Chapter Forty
OLD HAUNTS
A cat feels at home when she is invisible.
My heart sank when Michaela told me Monique and Berry had gone away for a couple of days. The Bono reunion was on the back burner.
With her usual sixth sense, Michaela invited me out to a night of my dreams—dinner at the Algonquin Hotel followed by a Broadway performance of An American in Paris. For years I’d been in awe of the Algonquin and the witty circle of writers who met for lunch there every day throughout the 1920s. Fortunately, the hotel has maintained enough dark wood and carpet to keep the ghosts of Dorothy Parker, Harold Ross, Robert Benchley, and the rest alive.
Michaela and Gene were waiting for me in the foyer. As we threw arms around each other it felt as if we’d been apart for five minutes rather than two years. Whenever our kids fret over losing friends who are moving away, I assure them distance has little impact on true friendship. Besides, intermittent catch-ups with people you have a shared history with is, like the finest cognac, all the more treasured for its rarity.
“Have you met Matilda?” Michaela asked.
Casting the name through a mental list of her friends and colleagues, I couldn’t think of a Matilda.
Michaela pointed across the room at a gray and white Rag-doll cat who was busy greeting guests.
“The hotel cat,” Michaela said. “There’s been a Matilda at the Algonquin since the 1930s. Different cats, of course, but the same name. Unless it’s a male, and then it’s called Hamlet.”
“How Shakespearean,” I smiled.
“Well, we are in the theater district,” Michaela said. “And it was an actor who suggested the name.”
I crossed the room and bowed before Matilda. My homage was acknowledged by a regal lick on the back of my hand.
“Matilda has her own Facebook page,” Michaela said.
Of course. What self-respecting hotel executive wouldn’t?
* * *
I’ve always loved Gershwin, and An American in Paris was a delicious concoction. The dancers reminded me of Bono and how his feet barely touched the floor. Watching a young man flex his spine backward, I winced and hoped he wasn’t lining himself up for arthritis a few years down the road. When I was younger, I used to think dance and acrobatics was to do with showing off. These days, I watch openmouthed and wonder how a human body can do such things.
I caught a cab back in time to listen to my neighbor saying goodnight to Darling . . . you hang up first . . . go on . . . love you . . . are you still there? . . . Oh. No, you hang up!
One of the traits I identify with cats about is their invisibility. Compared to roughly 85 million cats in the United States, there are only about 75 million dogs. Cats are tucked away in houses and apartments. They observe the world from the top of garden walls or from under hedges. Cats spy on people, but we seldom see them. They’re the tail disappearing behind a fence, the curtain twitching inside a window. Aware of others’ sensitivities, cats take pains to leave no trace. Dogs, by contrast, demand center stage. They dump on the sidewalk on the assumption someone else will deal with it. On the streets of the Upper East Side, it seemed every third person was escorting a tiny pedigree on a leash. I stopped outside grooming parlors to watch dogs getting outlandish haircuts. The window of a doggie day care framed a restless sea of pugs and Pomeranians, miniature poodles, and terriers. A tired-looking woman trailed after them with a mop. She wasn’t about to win Happiest Employee of the Year.
Last time I was in New York, I didn’t have to take the subway seriously. Living on the Upper East Side was a different matter. Provided I stayed clear of rush hour, I found the subway system endearingly archaic and almost spacious compared to Tokyo’s. I read somewhere it’s advisable to avoid eye contact with other passengers, but that applies to just about any transport system these days.

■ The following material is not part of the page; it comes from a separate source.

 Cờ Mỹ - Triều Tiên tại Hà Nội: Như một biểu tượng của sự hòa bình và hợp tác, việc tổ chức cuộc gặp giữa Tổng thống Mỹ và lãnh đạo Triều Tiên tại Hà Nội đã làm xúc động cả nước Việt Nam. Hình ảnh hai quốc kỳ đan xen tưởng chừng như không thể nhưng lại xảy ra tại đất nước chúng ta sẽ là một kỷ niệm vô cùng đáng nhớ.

After getting off at Grand Central, I wandered past familiar shops and boxes of orange tulips up to Second Avenue. It was always spring in New York. There was so much I’d missed—the rumble of trains under my feet, the steam gushing from grates and manholes as if the city was about to erupt any second. And the fire hydrants. Every other city I know has fire hydrants you wouldn’t look twice at, but New York’s are miniature works of art. I stopped off at the bakery where Lydia and I had demolished a pastry with a million calories. I ordered one for old time’s sake, which was a crime seeing there was no one to share it with. Like someone haunting the scene of an ancient love affair, I made my misty-eyed way up to the corner of 44th. Once the handbag sellers had assessed I wasn’t a potential customer, they turned their backs. Outside our old building the same old beggar was sunning his stump on the steps and munching something out of a paper bag. I wished I’d been bold enough to make friends with him when I’d been living there.

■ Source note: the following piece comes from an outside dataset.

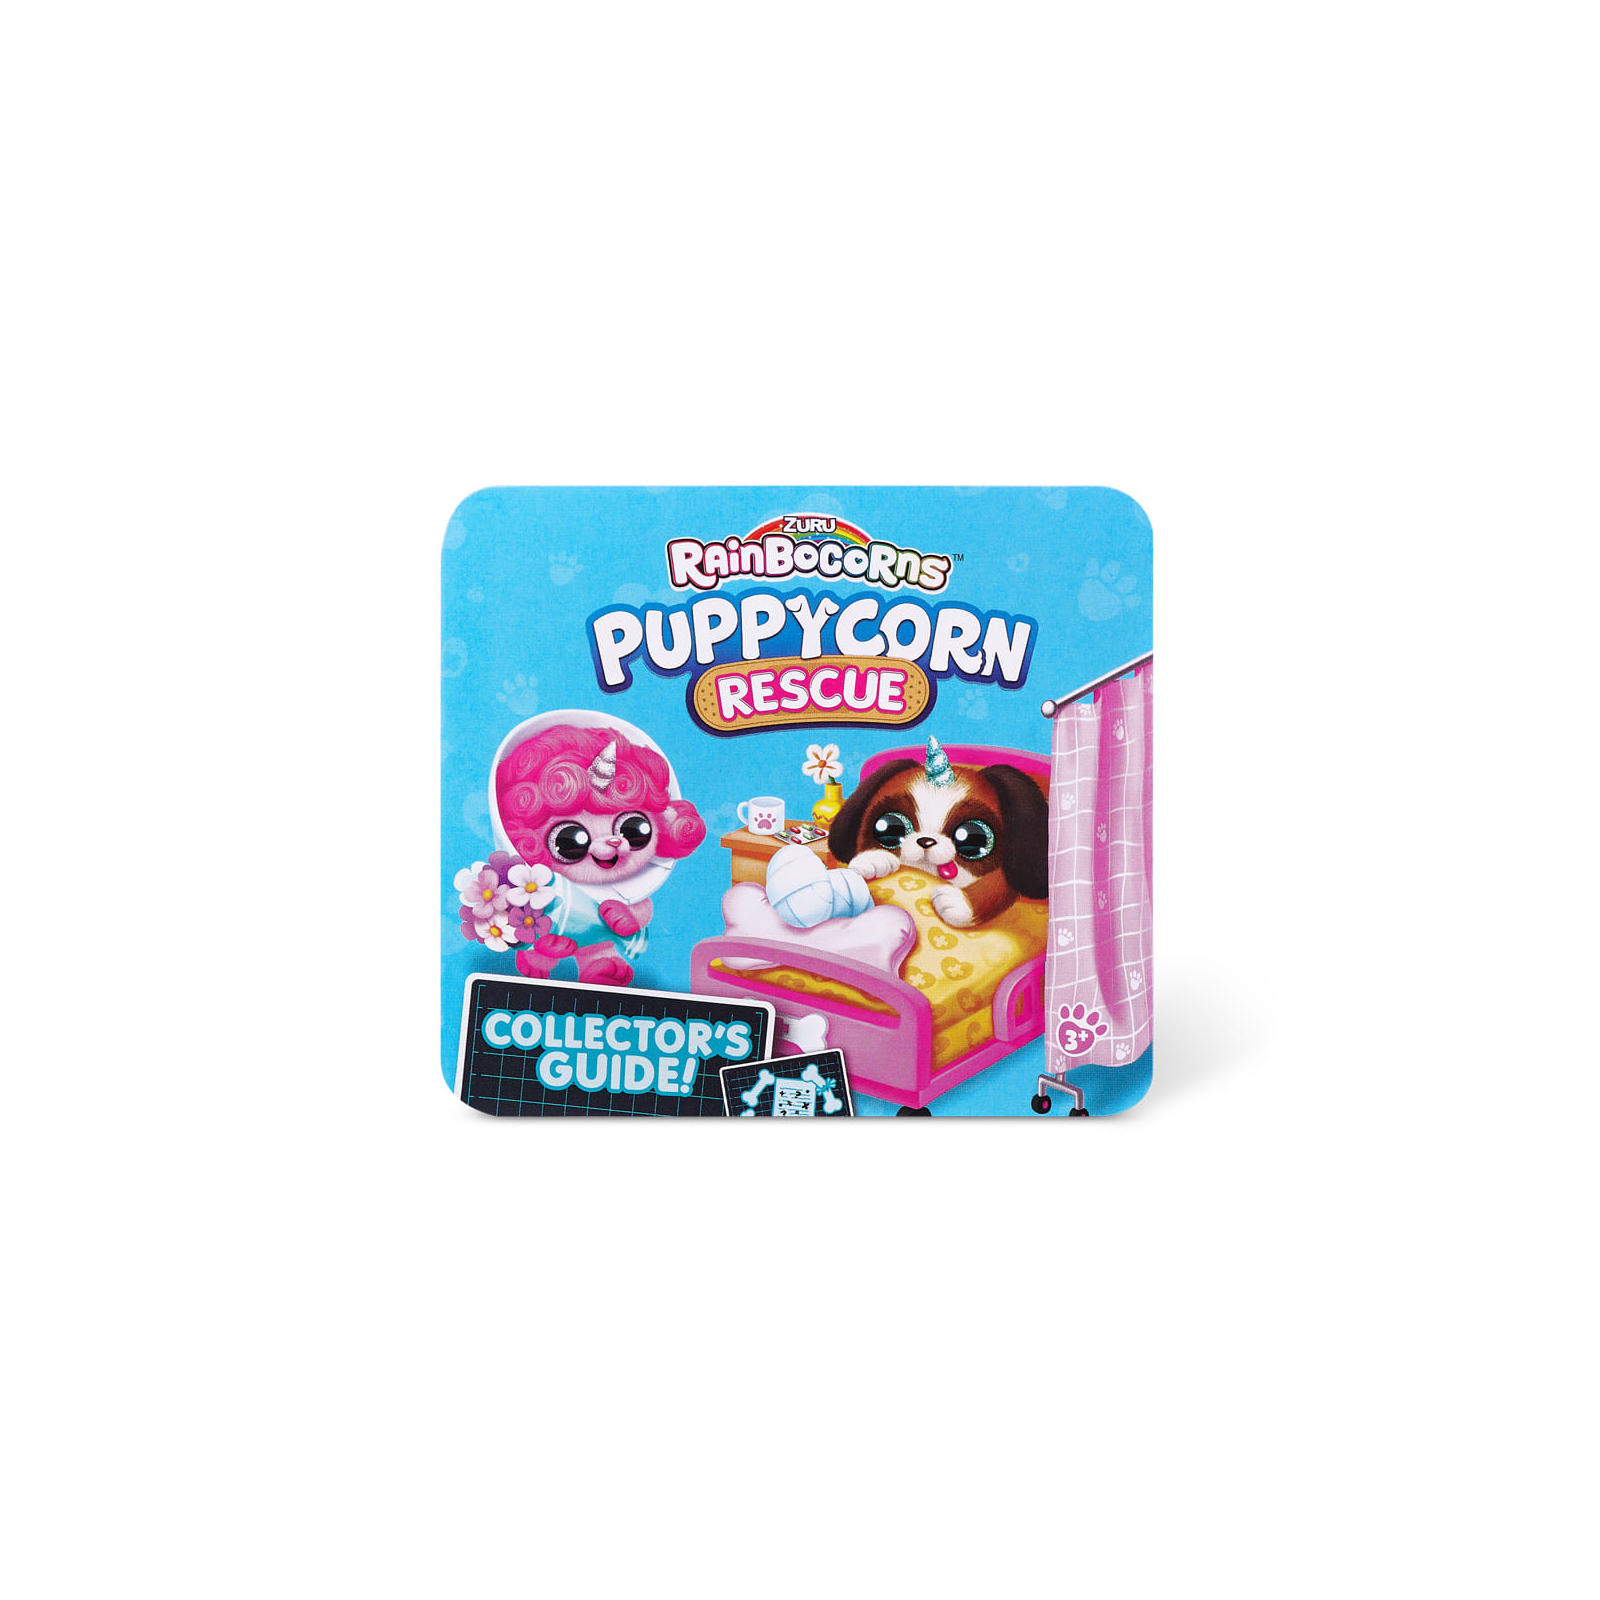 Мягкая игрушка Rainbocorns сюрприз B серия Puppycorn Rescue (9261B) изображение 13

Standing on the sidewalk and gazing over his head up at the red door with the heart-shaped lock, I almost felt like I was home again. Though the neighborhood was achingly familiar to me, I was back to being an outsider. Even if I could work out which buzzer belonged to Patrick, he’d probably forgotten me. I had not caused a ripple on the surface of his existence. In two years, nothing and everything had changed. Bono and I did not live there anymore.